More than 500,000 Somali refugees
living in Kenya are to be returned to their home country after the UN refugee
agency signed a tripartite agreement with the two governments.
Under the agreement, the Somalis will be repatriated voluntarily
over the next three years.
The Somalis have sought refuge in Kenya from war and poverty.
Two of the camps they live in, Dadaab and Kakuma, are now so
large they are more like towns, correspondents say.
There is also a suburb of Nairobi - Eastleigh - that is known as
"mini Somalia" because so many Somalis live there.
'Committed'
The refugees fled Somalia after the collapse of the central
government in 1991.
It sounds eminently reasonable that people who have been living
as exiles in a vast, dusty, tented city in a foreign country should be
reintegrated to their homeland, as long as it safe to do so.
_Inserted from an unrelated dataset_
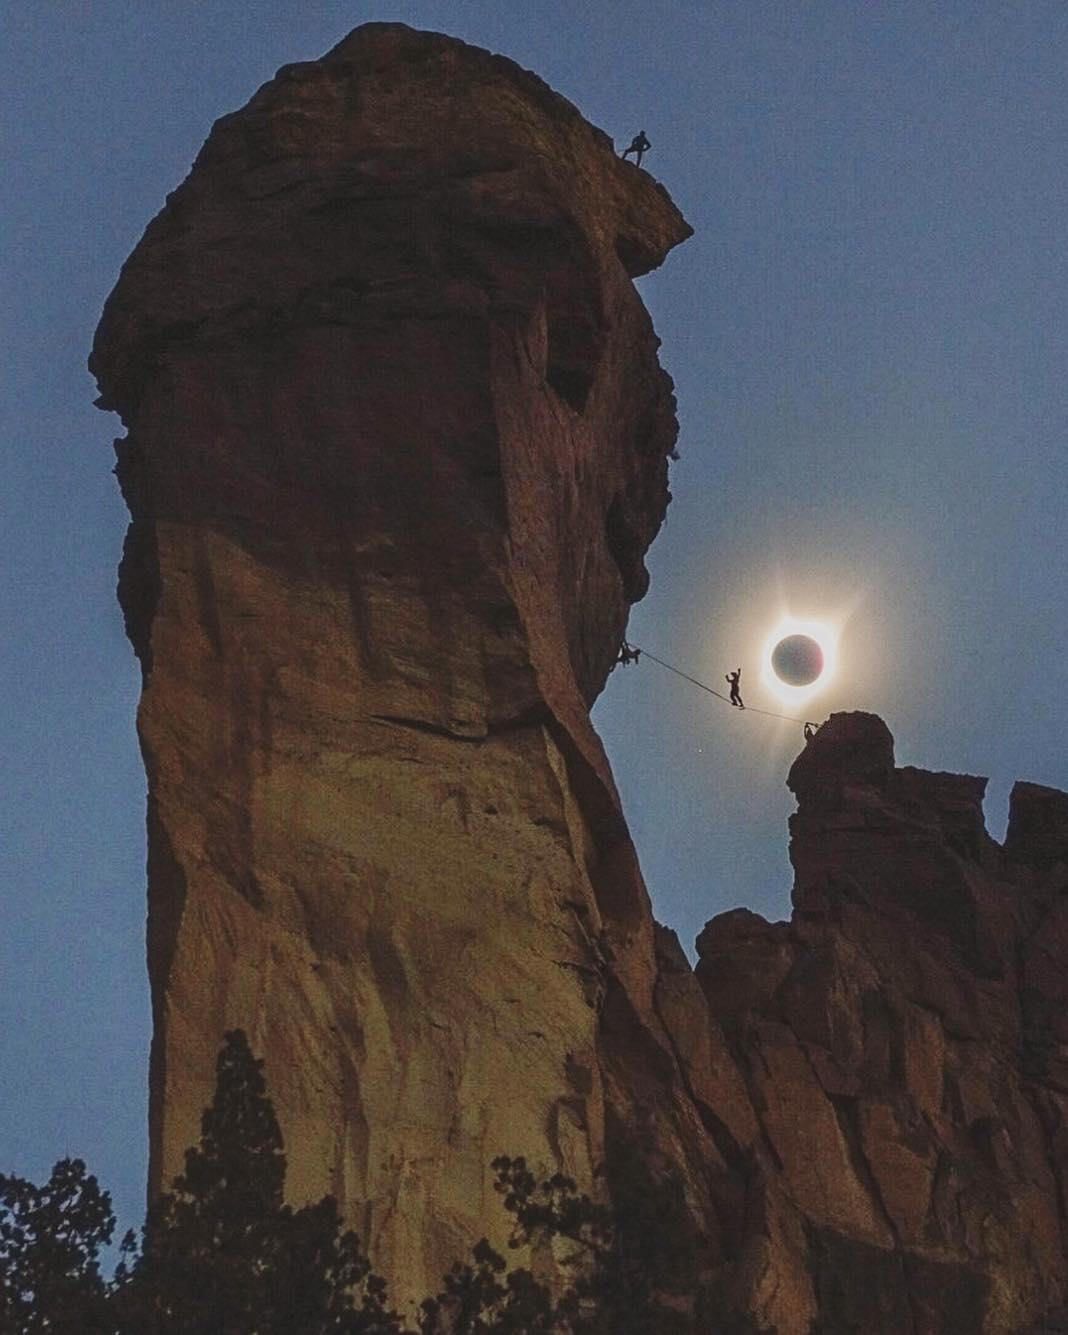 Zaćmienie słońca w górach. Człowiek chodzący na linie

But there's one problem: Somalia is still not safe. Most of the
refugees know that and probably would not want to return. They also think that
the Somali government could not provide them with the food, healthcare and
education they currently receive in the refugee camps.
Although the Kenyan
government and the UNHCR have signed up to the agreement they are not acting
entirely altruistically. Since the attack on the Westgate shopping centre in
Nairobi in September, the Kenyan government fears that the Somali community
poses an even greater security threat and is shielding potential perpetrators of
similar atrocities. The UN in turn has had to scale down rations in the Dadaab
refugee camp because of a lack of resources.
Many of them were born in camps and have never set foot inside
their home country.
The two governments and the UN hope to introduce a reintegration
programme to help the refugees start new lives in Somalia and take part in the
reconstruction of the country.
Somalia's Deputy Prime Minister Fowsia Yusuf Adam said her
country was preparing for the safe return of its refugees.
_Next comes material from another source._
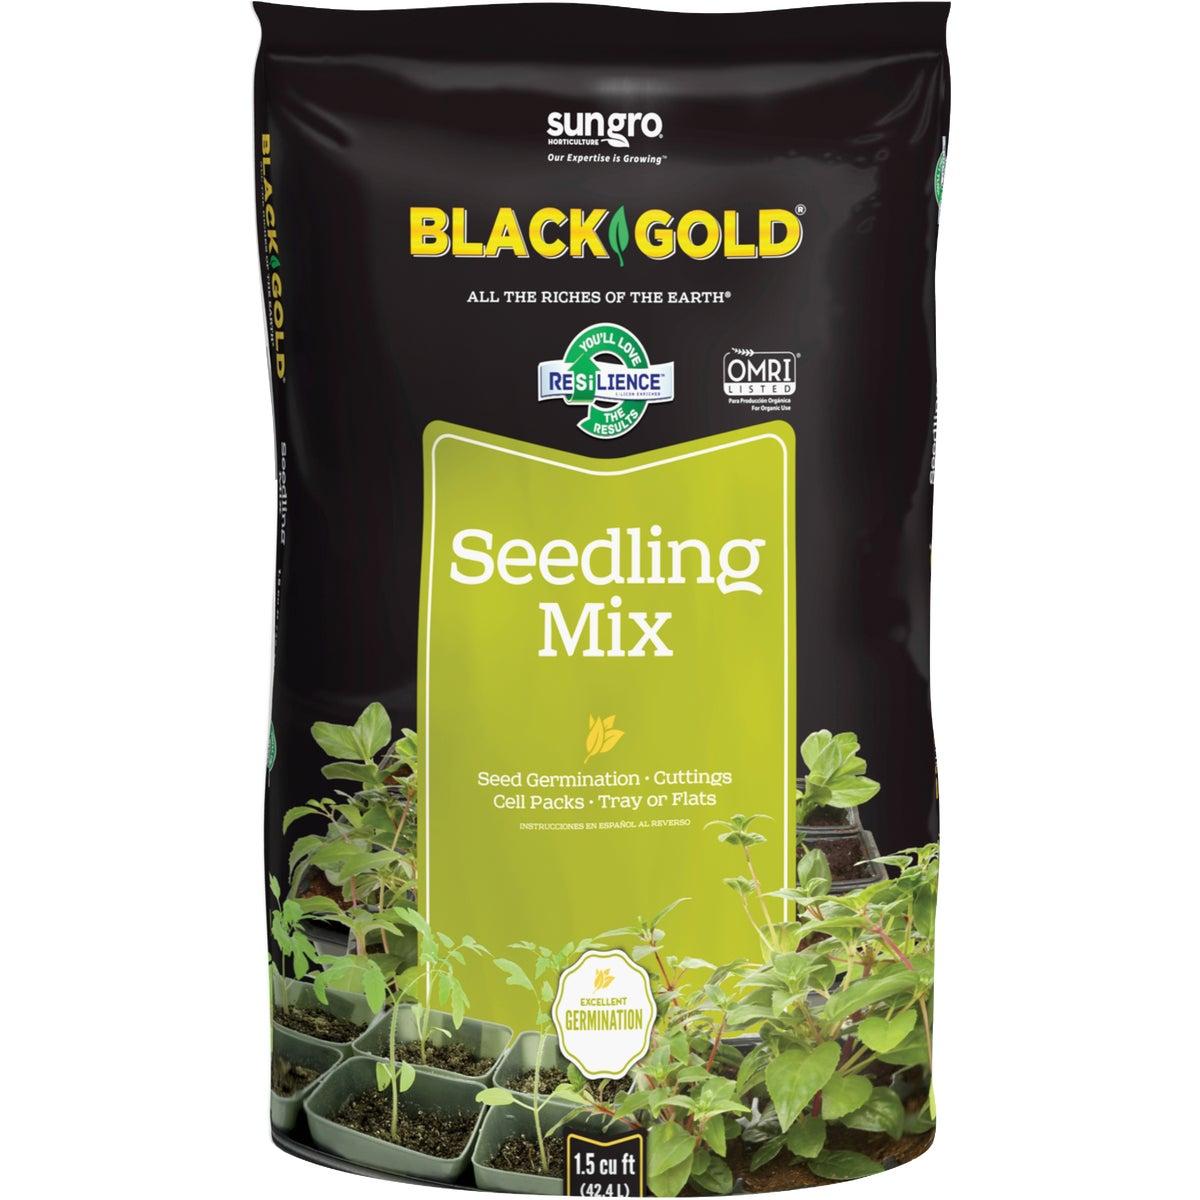 1.5CF BG SEEDLING SOIL - 1411002.CFL001.5P by Sun Gro Horticulture

"Terrorism is still a major threat to our region. The
federal republic of Somalia is committed to creating conditions that will allow
for the safe and dignified voluntary repatriation of the Somali refugees in
Kenya and other neighbouring countries."
The United Nations refugee agency (UNHCR) representative to
Kenya, Raouf Mazou, said the agreement was a "call to the rest of the
international community to commit more vigorously for viable and sustainable
solutions for the victims of a conflict that has lasted for way too long".
The BBC World Service's Africa editor, Richard Hamilton, says
the main problem with the agreement is that most of the refugees know that
Somalia is still not safe and probably would not want to return.
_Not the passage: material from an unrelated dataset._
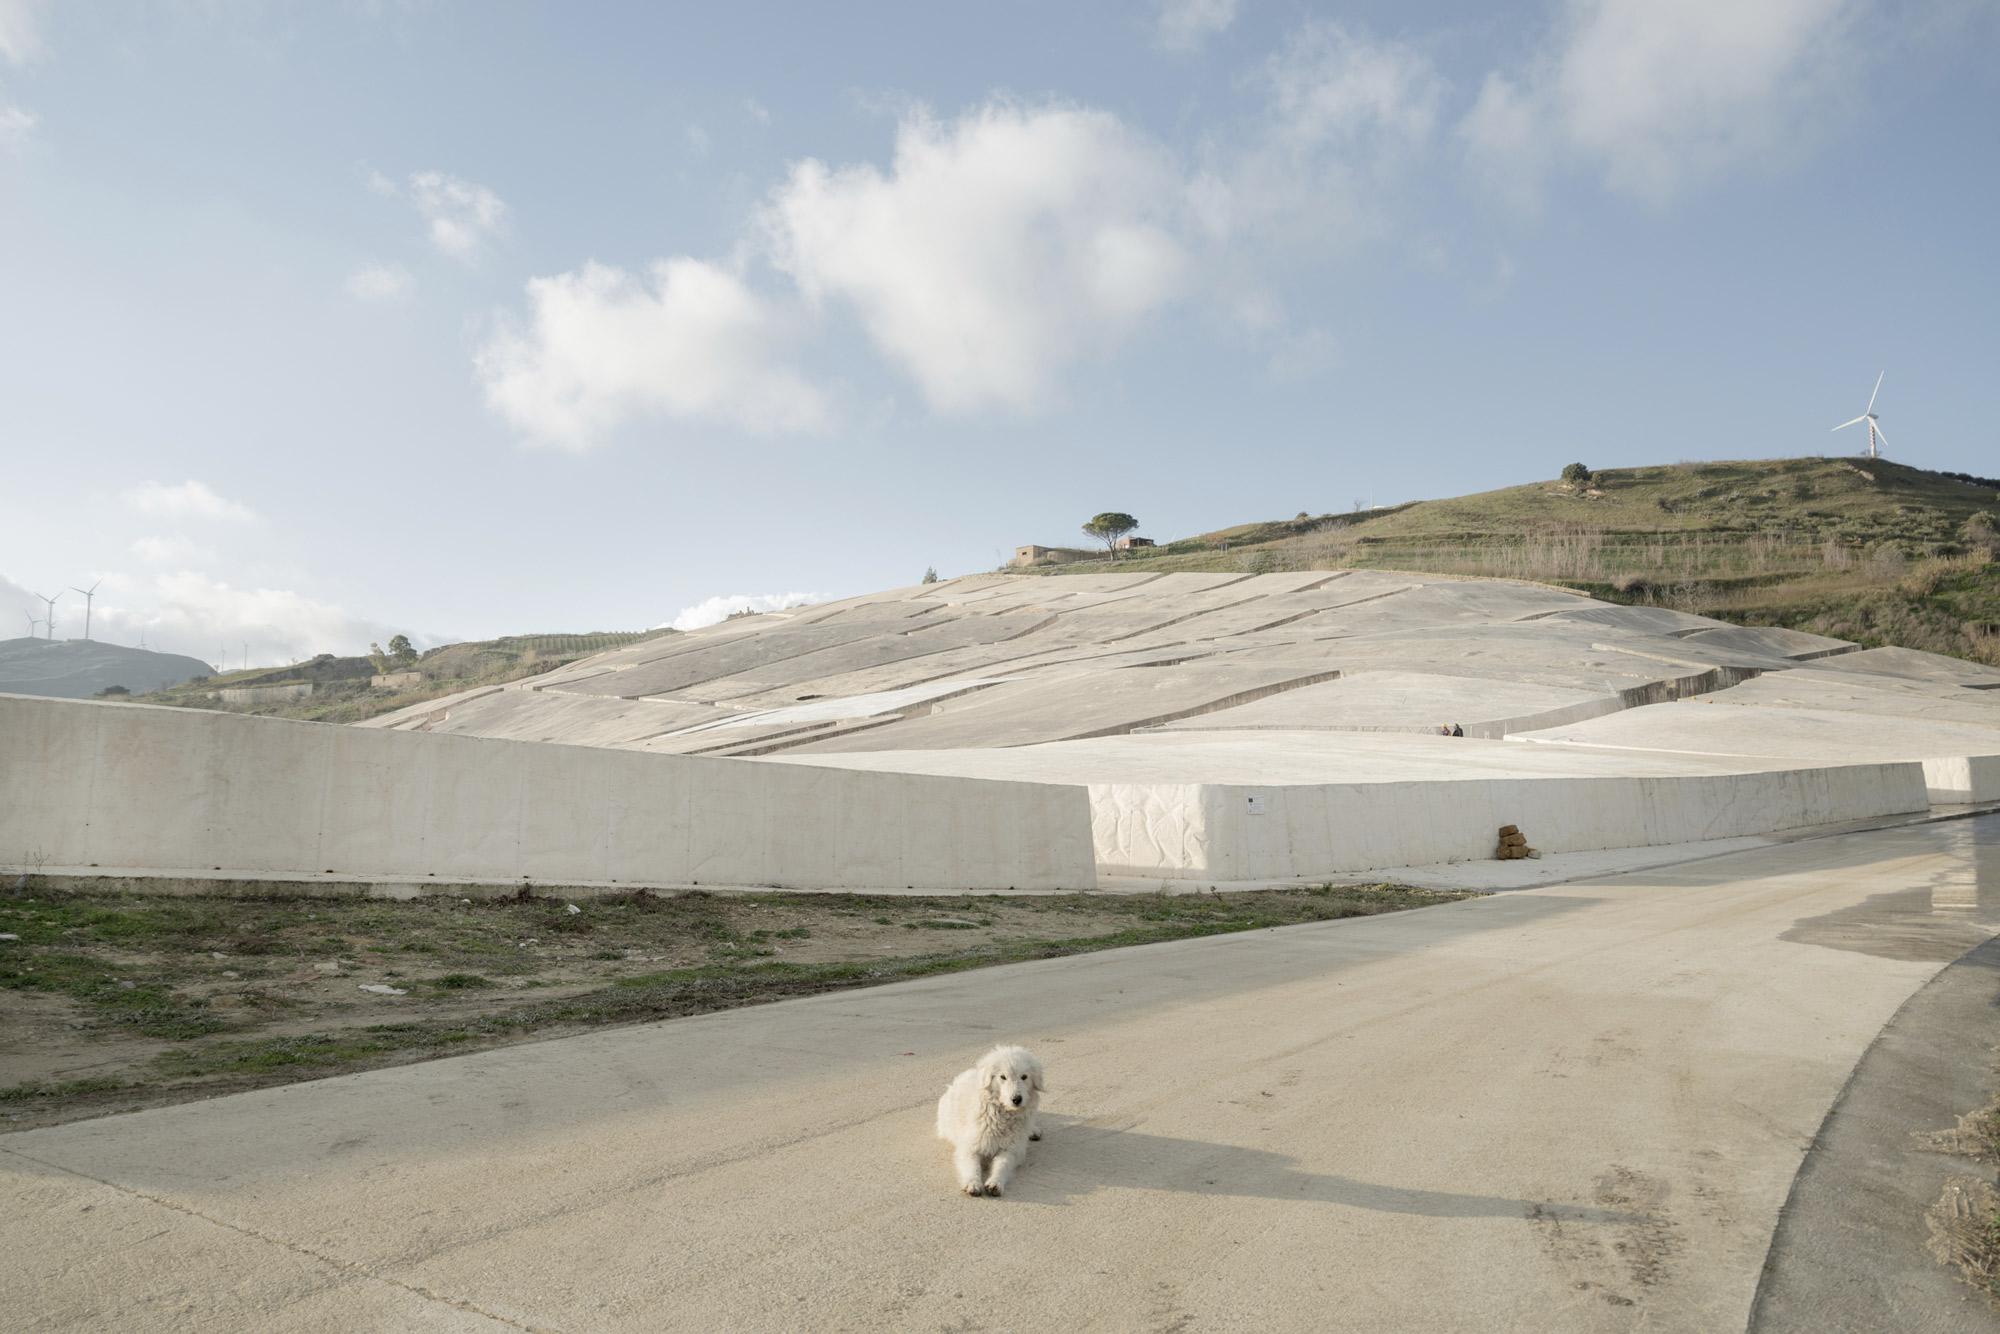 Belice: il cretto di Burri a Gibellina vecchia © Urban Reports

Our correspondent says that, while Kenya has been praised for
offering help to a neighbour in need, the country is becoming disgruntled with
having to bear the burden of the refugee population.
Kenya's Deputy President William Ruto says refugees have become
a shield for those who pose a security threat to Kenya.
Kenya has been concerned about further threats of terrorism
following the attack by suspected Somali militants on the Westgate shopping
mall in Nairobi in September.
The Somali Islamist al-Shabab group - which is linked to
al-Qaeda - said it was behind the attack.
It said it was taking revenge after Kenya sent troops into
Somalia to help the UN-backed government seize territory from militants.